Each of the three aspects of the lower nature is described as a "body" or aura of energy and seen as partial expression of the real self or soul. The soul is regarded as the reflection of the real self that works through or uses the three aspects of personality. She also speaks of these as "vehicles" or "sheaths", and alternately as the "mental body", "astral body", or "physical body". The "etheric" body is most directly related to physical health and is seen as the vital energizing agent for the individual while in physical incarnation. (p. 172) (p. 33) See also: Subtle body. The mind and emotional nature are seen as auras. or energy fields of which brain activity is a secondary effect. (p. 411)
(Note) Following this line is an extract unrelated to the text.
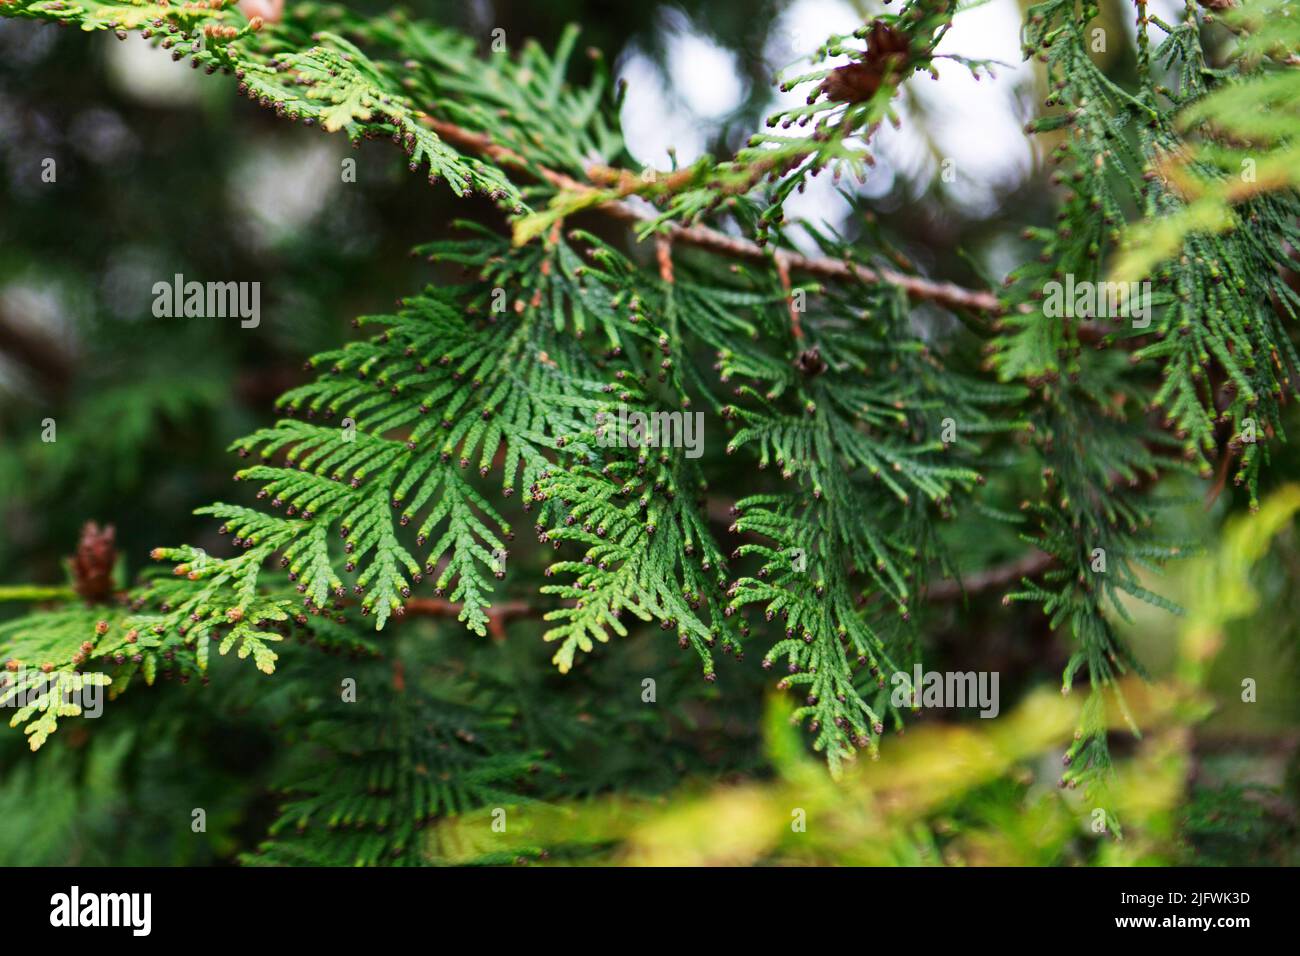 Green thuja branches with flowers and seeds in city park, nature concept. Stock Photo

=== The Great Invocation ===
The Great Invocation is a mantra given in 1937 by Bailey. The mantra begins with "From the point of Light within the Mind of God, let light stream forth into the minds of men ..." with the rest of the passage expressing the ideas of love, the return of The Christ (Maitreya) and of men acting in accordance with the plan of God. Historian of occultism Mitch Horowitz has observed that, "Bailey's capacity to introduce an occult-inspired universalistic prayer into Western culture, The Great Invocation—recited over the radio by no less than Eleanor Roosevelt—attests to the iconoclastic messenger’s inroads.

The mantra is well known by some followers of the New Age movement, where it is widely used as part of meditation, particularly in groups. For instance, the invocation has been used in the Findhorn Foundation community since the 1970s. In response to the September 11 attacks (2001), the Great Invocation was used as a central element of a new daily program at Findhorn known as the "Network of Light meditations for peace".
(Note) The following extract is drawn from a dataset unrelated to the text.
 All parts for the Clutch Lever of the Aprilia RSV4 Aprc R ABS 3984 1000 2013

Rosemary Keller described the Great Invocation as a call for "the Christ to return to Earth" and wrote that Bailey-related groups purchased radio and television time to broadcast the invocation as part of their mission, and that often the invocation was recited in what Keller called "light groups", to accomplish what Bailey's disciples considered to be attracting and focusing "spiritual energies to benefit the planet".

Alice Bailey's writings have a theme that generally advocates replacement of the old with the new and this occurs in connection with the Great Invocation as follows: "This new Invocation, if given widespread distribution, can be to the new world religion what the Lord's Prayer has been to Christianity and the 23rd Psalm has been to the spiritually minded Jew."
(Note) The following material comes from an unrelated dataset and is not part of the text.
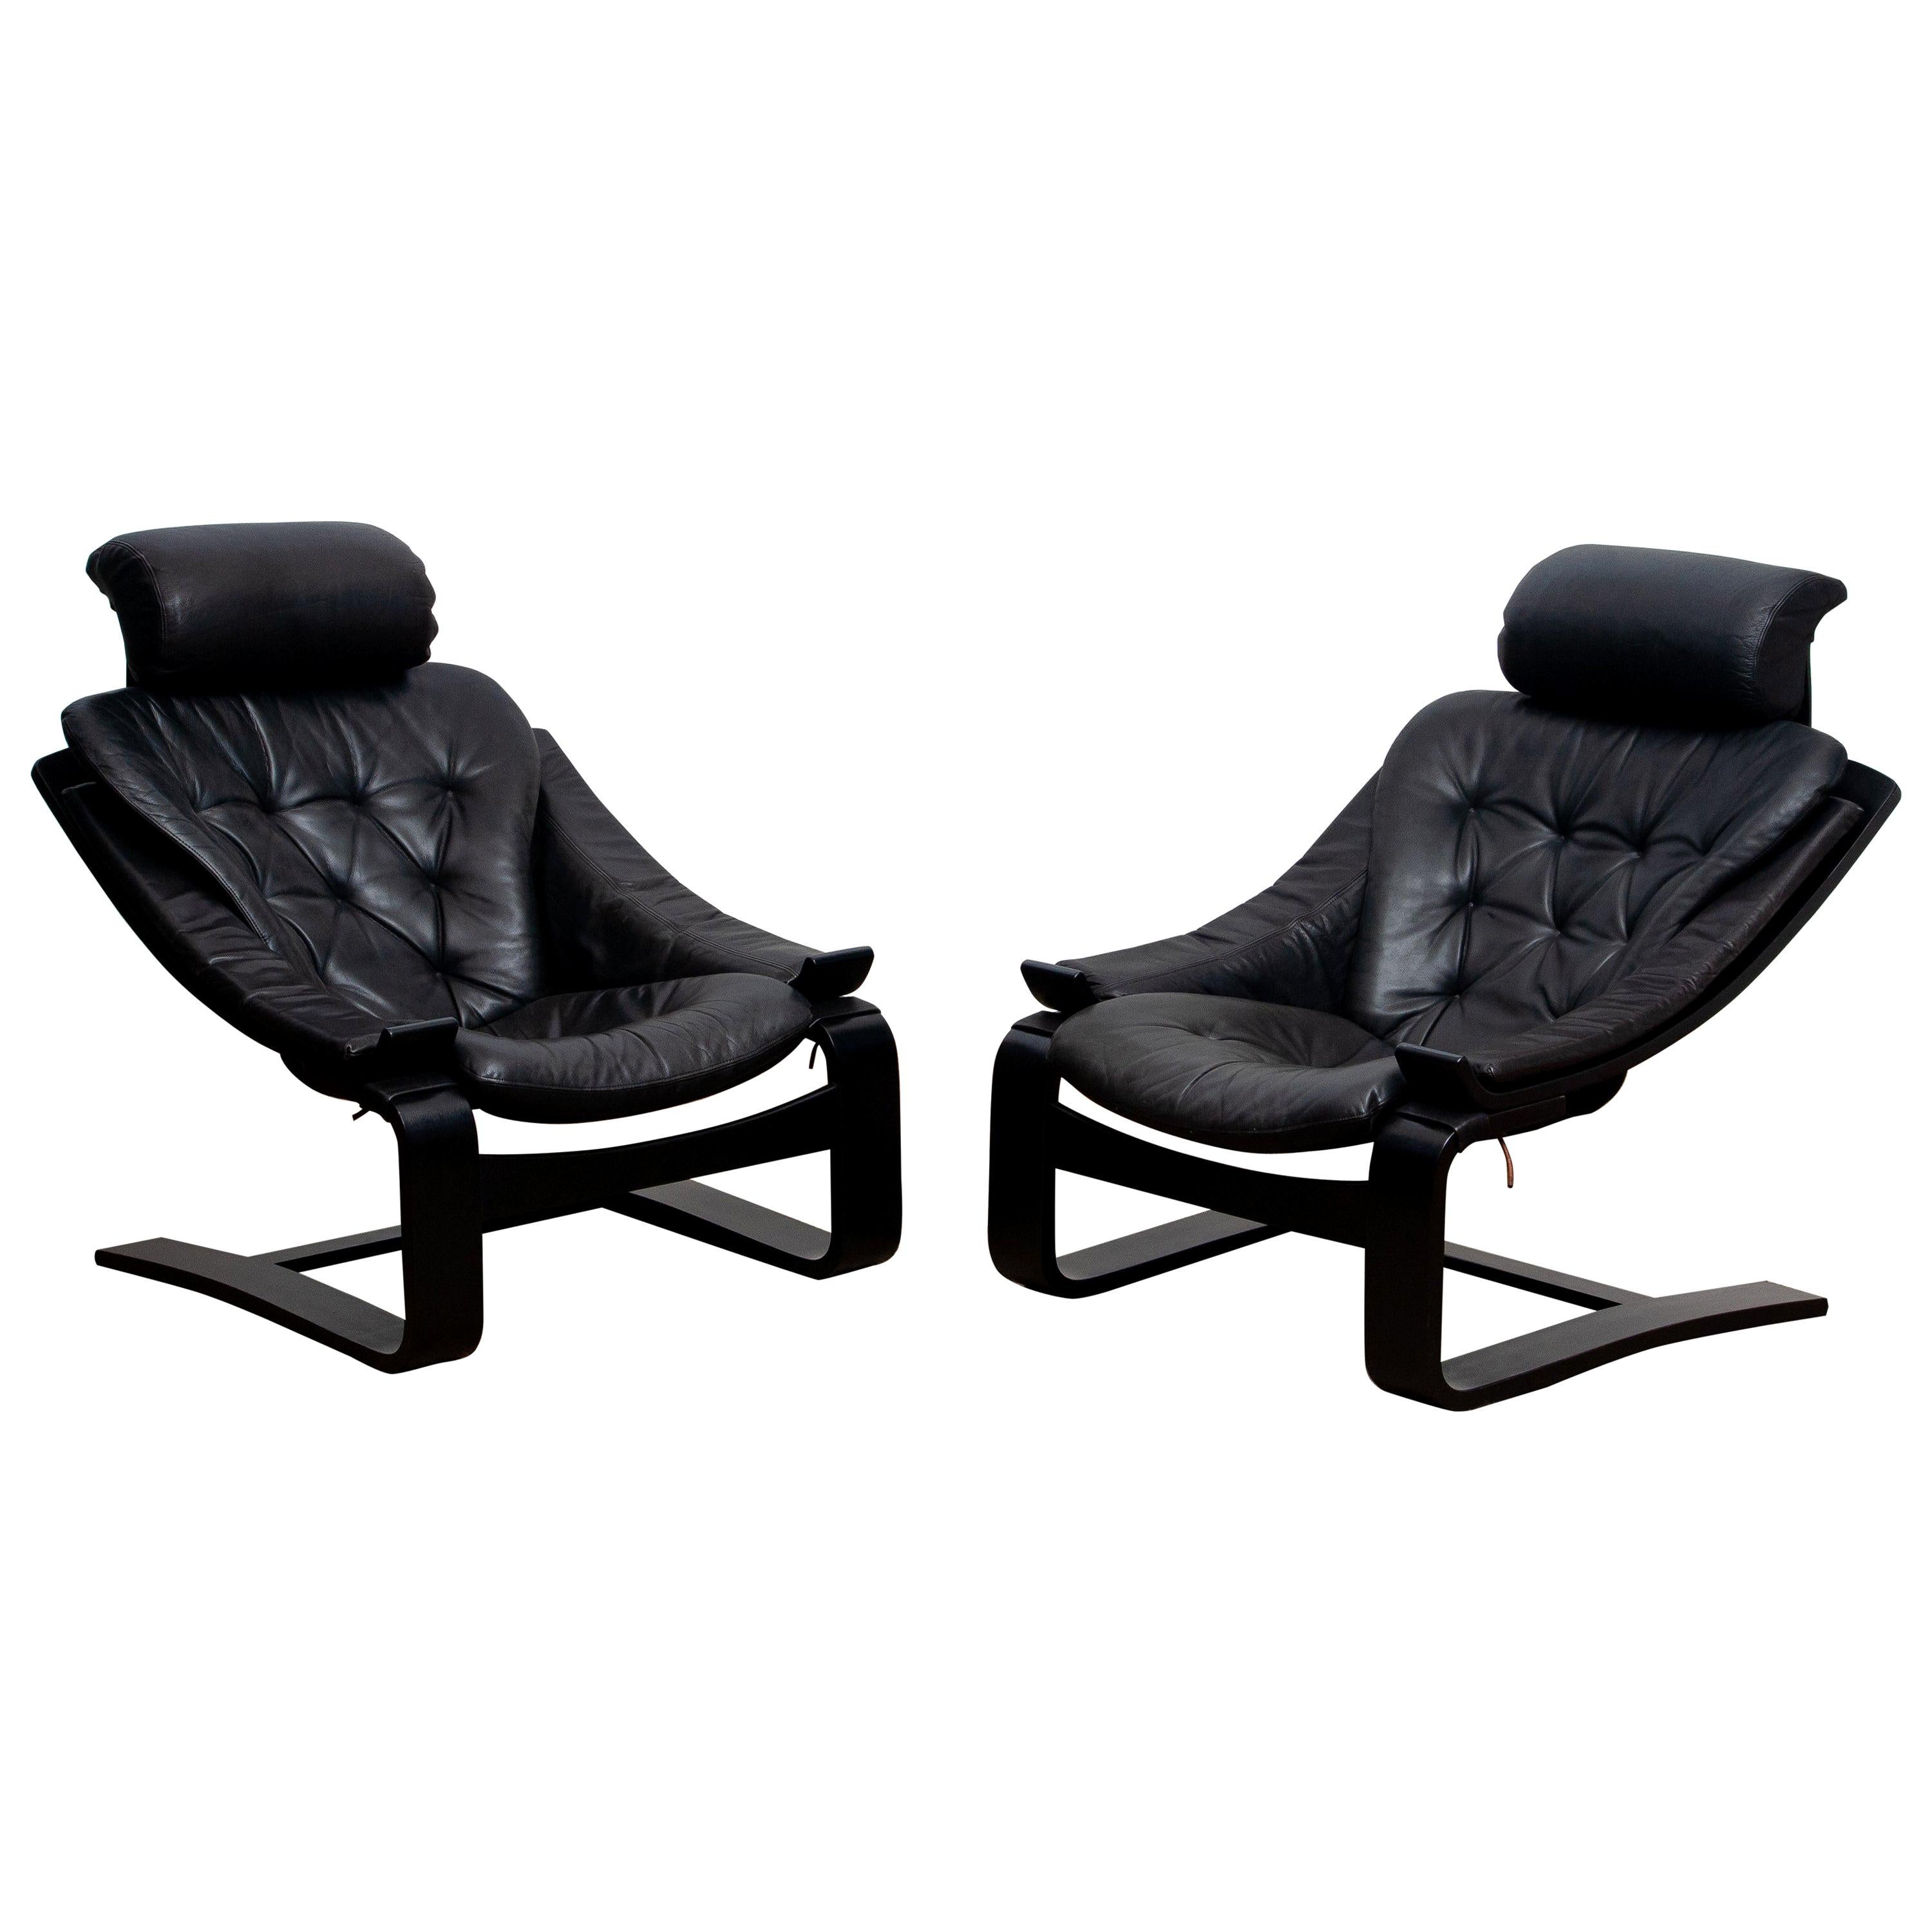 Scandinavian Modern 1970s, Pair of Kroken Lounge Chairs by Ake Fribytter for Nelo Sweden in Leather

=== Discipleship and service ===
Bailey's writings downplayed traditional devotional and religious aspects of the spiritual life, in favor of a life of meditation, service to humanity, and cooperation with "the Plan of the Hierarchy". In her thinking, service, "... is a soul instinct ... innate and peculiar to soul unfoldment. It is the outstanding characteristic of the soul, just as desire is the outstanding characteristic of the lower nature ..."

=== Unity and divinity of nations and groups ===
Ross describes Bailey's teachings as emphasizing the "underlying unity of all forms of life", and the "essential oneness of all religions, of all departments of science, and of all the philosophies". Campbell notes that the New Group of World Servers was established for "... promotion of international understanding, economic sharing, and religious unity".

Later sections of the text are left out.